The data simulated below uses the logistic link function on the first set of
regressors and the log link function on the second set of regressors.
```{r simulated-data, fig.height=5}
SEED <- 1234
set.seed(SEED)
eta <- c(1, -0.2)
gamma <- c(1.8, 0.4)
N <- 200
x <- rnorm(N, 2, 2)
z <- rnorm(N, 0, 2)
mu <- binomial(link = logit)$linkinv(eta[1] + eta[2]*x)
phi <- binomial(link = log)$linkinv(gamma[1] + gamma[2]*z)
y <- rbeta(N, mu * phi, (1 - mu) * phi)
dat <- data.frame(cbind(y, x, z))
hist(dat$y, col = "darkgrey", border = F, main = "Distribution of Outcome Variable", xlab = "y", breaks = 20, freq = F)
```
The model can be fit by calling `stan_betareg`, using the appropriate link functions.
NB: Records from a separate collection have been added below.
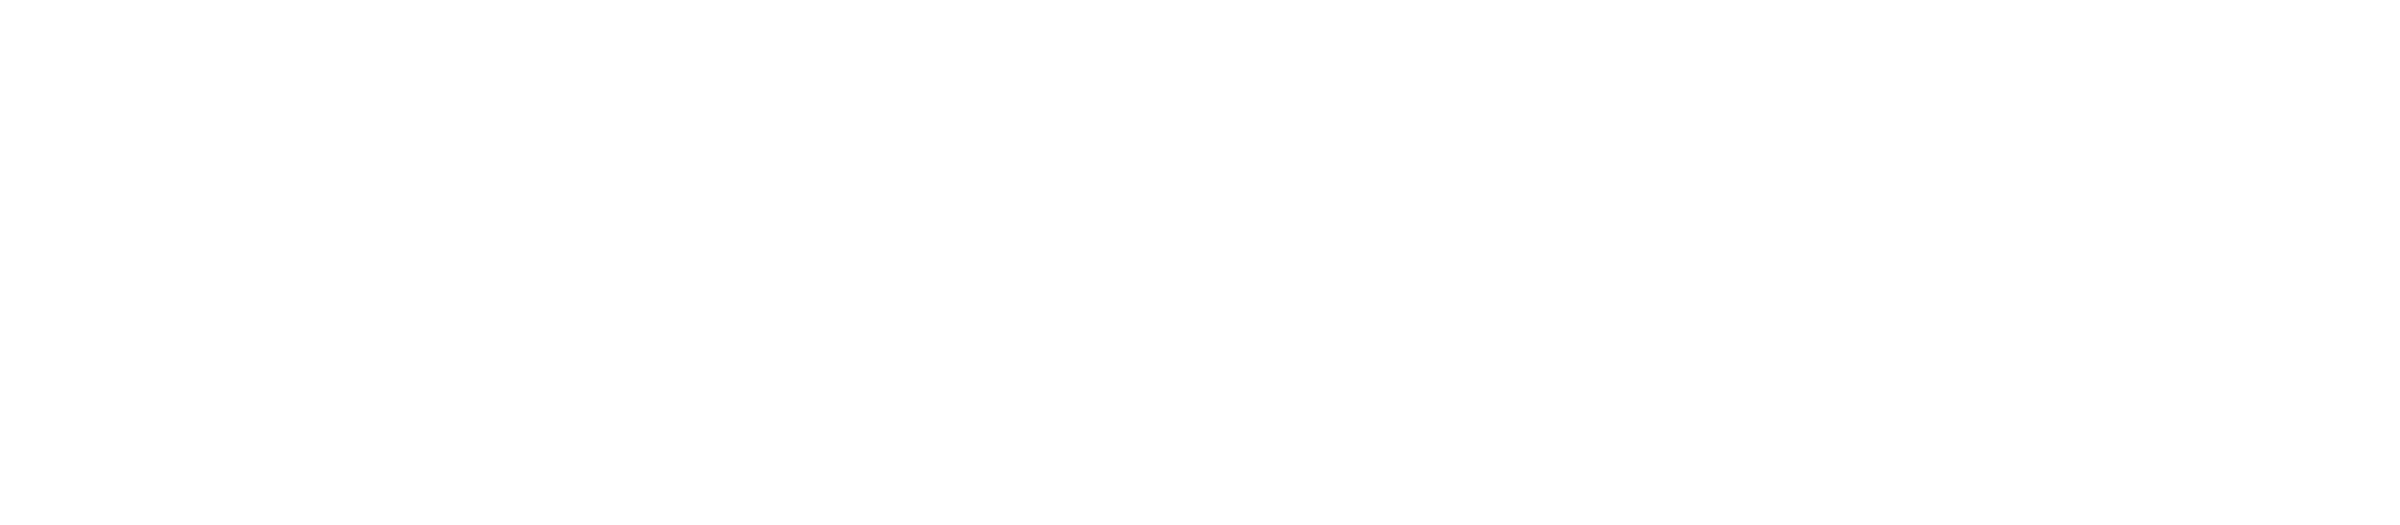 Home-Logos-1
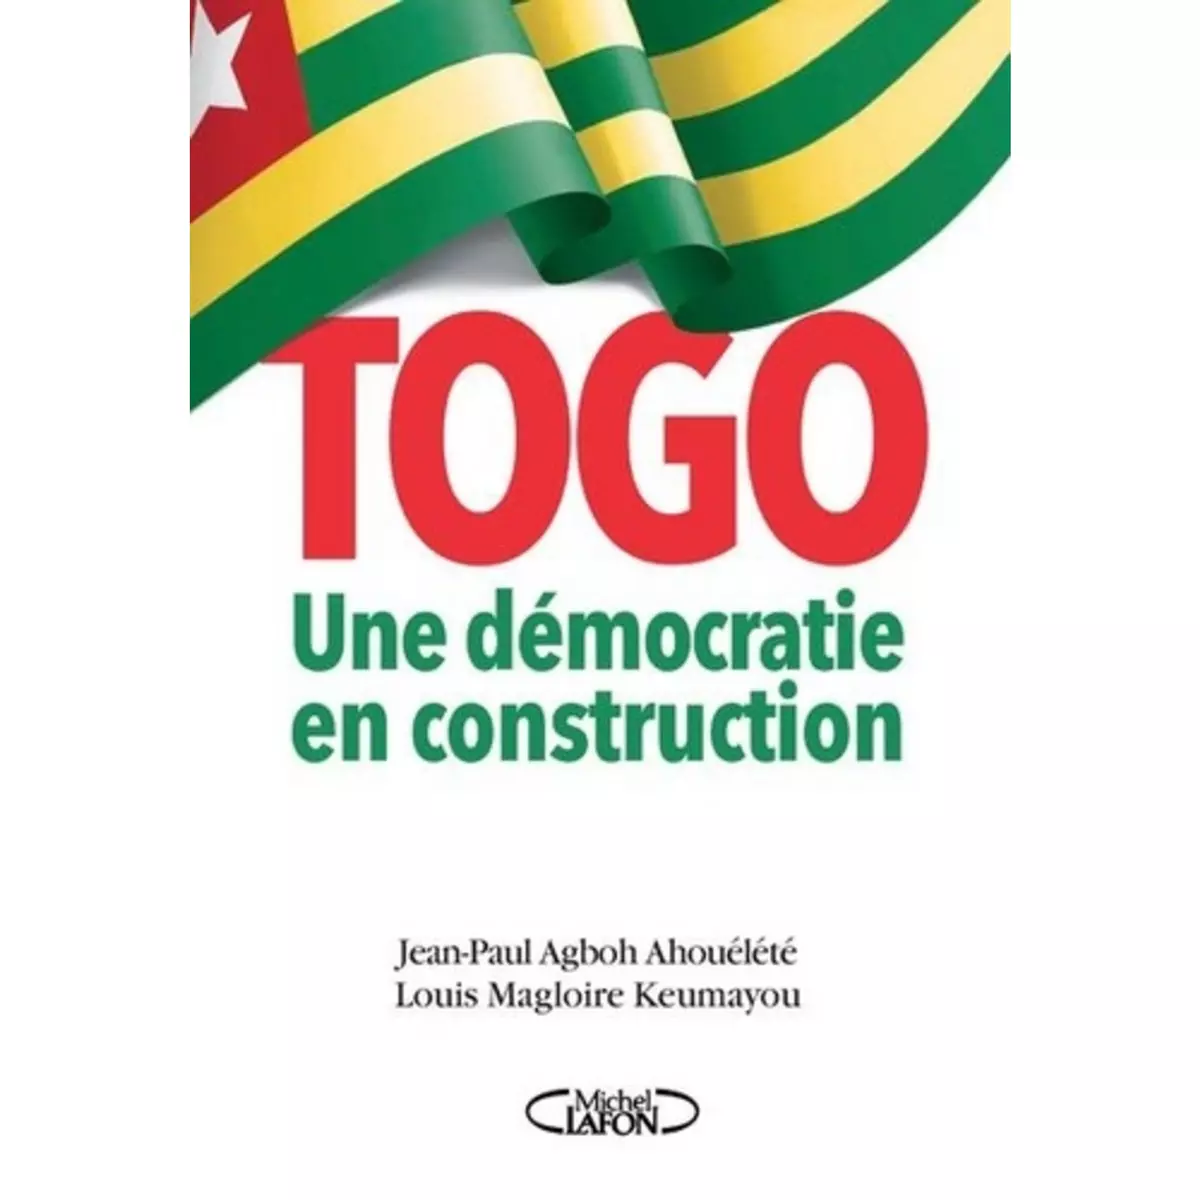  TOGO : UNE DEMOCRATIE EN CONSTRUCTION, Agboh Ahouélété Jean-Paul
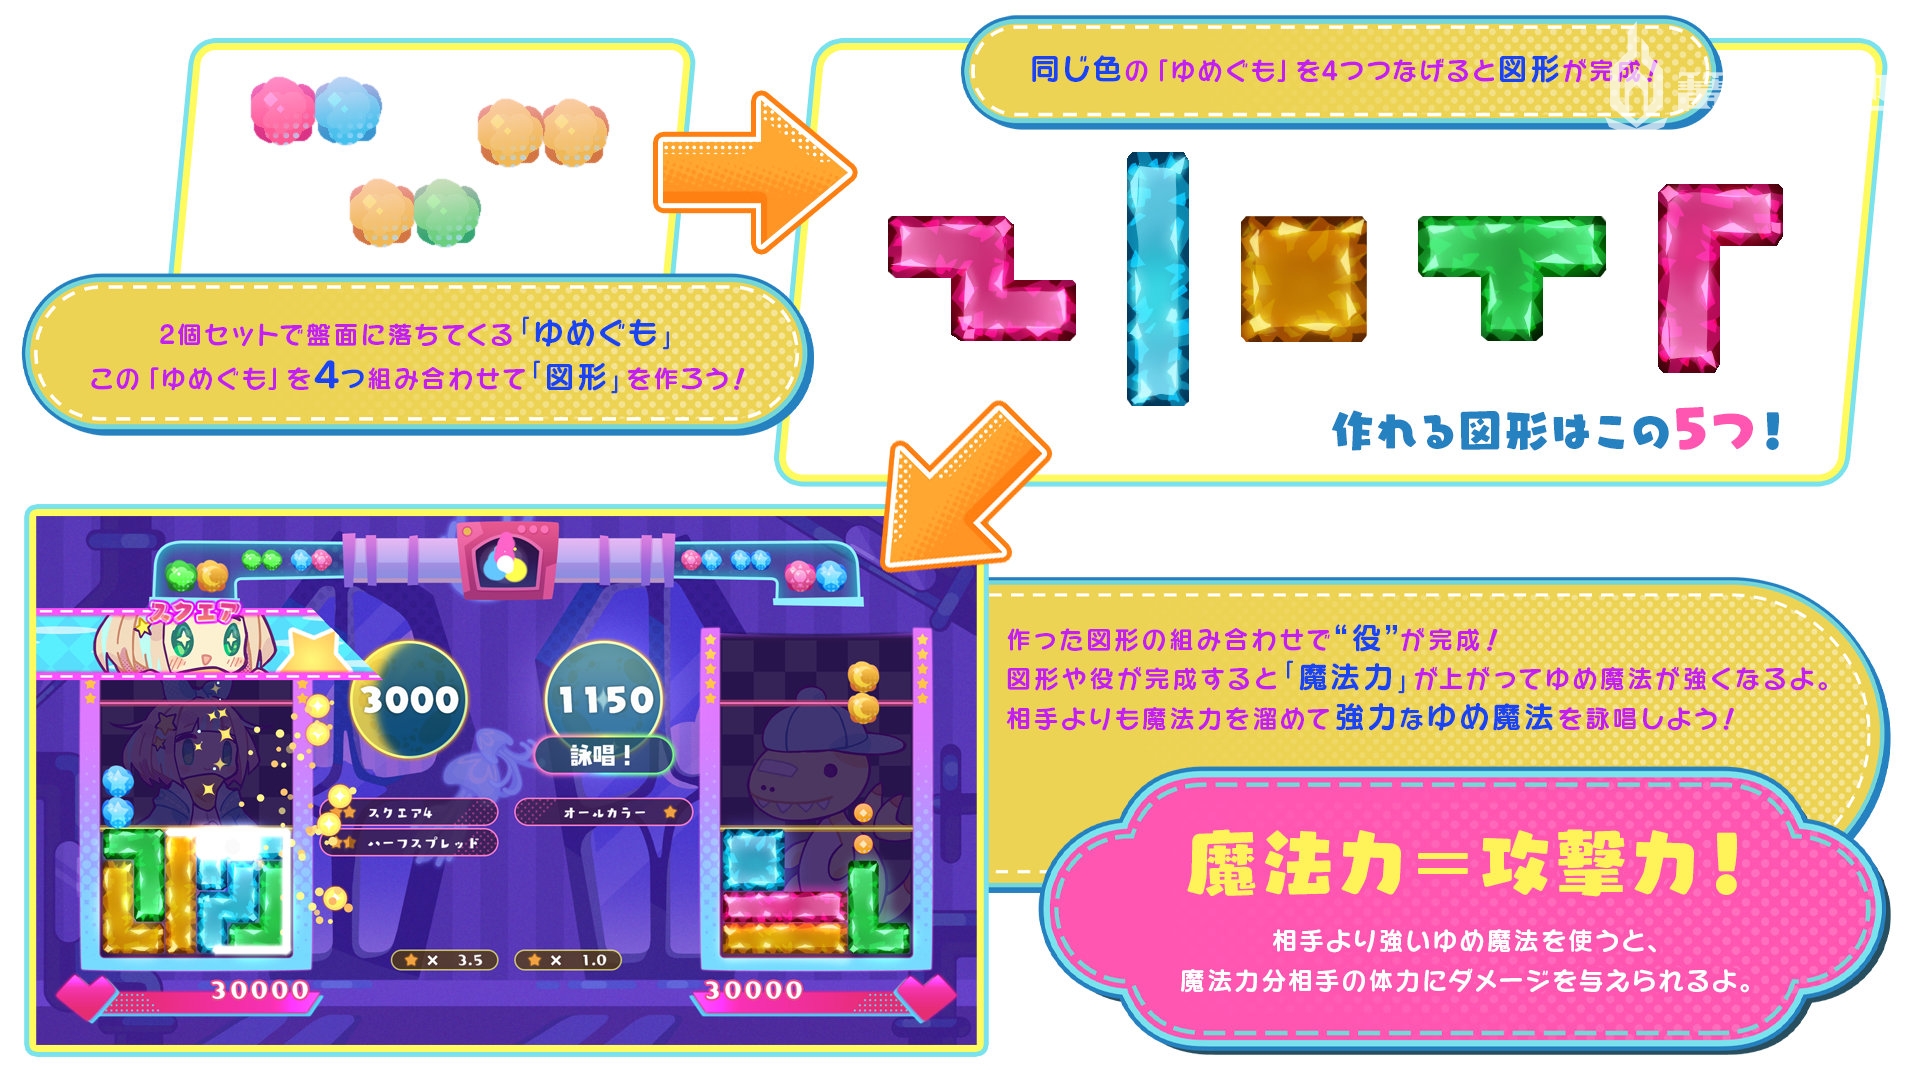 日本一对战益智新作《梦色尤拉姆》试玩版 8 月 24 日推出

```{r simulated-fit, results = "hide"}
library(rstanarm)
fit1 <- stan_betareg(y ~ x | z, data = dat, link = "logit", link.phi = "log",
cores = 2, seed = 12345)
fit2 <- stan_betareg(y ~ -1 + x , data = dat, link = "logit", link.phi = "log",
cores = 2, seed = 12345)
round(coef(fit1), 2)
round(coef(fit2), 2)
```
``` {r simulated-fit-print, echo=FALSE}
round(coef(fit1), 2)
round(coef(fit2), 2)
```
For clarity we can use `prior_summary` to print the information about the prior
distributions used to fit the models. The priors used in `fit1` are provided below.
``` {r print-priors}
prior_summary(fit1)
```
The usual posterior analyses are available in **rstanarm**. The plots below
illustrate simulated values of the outcome variable. The incorrect model
noticeably fails to capture the top of the distribution consistently in
comparison to the true model.
```{r simulated-analysis, fig.height=5}
library(ggplot2)
library(bayesplot)
bayesplot_grid(
pp_check(fit1), pp_check(fit2),
xlim = c(0,1),
ylim = c(0,4),
titles = c("True Model: y ~ x | z", "False Model: y ~ x - 1"),
grid_args = list(ncol = 2)
)
```
We can also compare models by evaluating the expected log pointwise predictive
density (`elpd`), which can be calculated using the `loo` method, which provides
an interface for __rstanarm__ models to the functionality in the __loo__
package.
``` {r simulated-loo}
loo1 <- loo(fit1)
loo2 <- loo(fit2)
loo_compare(loo1, loo2)
```
The difference in `elpd` is negative indicating that the expected predictive
accuracy for the first model is higher.
# An Example Using Gasoline Data
In some applied contexts it may be necessary to work with an outcome variable
that is a proportion. If the proportion is bound on the open unit interval then
beta regression can be considered a reasonable estimation method. The `betareg`
package provides a dataset on the proportion of crude oil converted to gasoline
after distillation and fractionation. This variable is defined as yield. Below
`stan_betareg` is used to model yield as a function of temperature, pressure,
and the batch of conditions.
```{r, gas-fit, results="hide"}
library(rstanarm)
data("GasolineYield", package = "betareg")
gas_fit1 <- stan_betareg(yield ~ temp + batch, data = GasolineYield, link = "logit",
seed = 12345)
gas_fit2 <- stan_betareg(yield ~ temp + batch | pressure,
data = GasolineYield, link = "logit",
seed = 12345)
round(coef(gas_fit1), 2)
round(coef(gas_fit2), 2)
```
``` {r, gas-print, echo=FALSE}
round(coef(gas_fit1), 2)
round(coef(gas_fit2), 2)
```
The plots below illustrate simulated values of gasoline yield. While the first
model accounts for variation in batch conditions its predictions looks somewhat
uniform rather than resembling the peaked and right-skewed behavior of the true data.
The second model does a somewhat better job at capturing the shape of the
distribution, however its location is off as it is centered around 0.50 rather
than 0.20.
```{r gas-analysis, fig.height=5}
library(ggplot2)
bayesplot_grid(
pp_check(gas_fit1), pp_check(gas_fit2),
xlim = c(0,1),
ylim = c(0,5),
titles = c("gas_fit1", "gas_fit2"),
grid_args = list(ncol = 2)
)
```
``` {r, gas-loo}
gas_loo1 <- loo(gas_fit1)
gas_loo2 <- loo(gas_fit2)
loo_compare(gas_loo1, gas_loo2)
```
Evaluating the expected log predictive distribution using `loo`
reveals that the second of the two models is preferred.
# References
Ferrari, SLP and Cribari-Neto, F (2004) "Beta Regression for Modeling Rates
and Proportions". _Journal of Applied Statistics._ Vol. 31, No. 07, p799-815.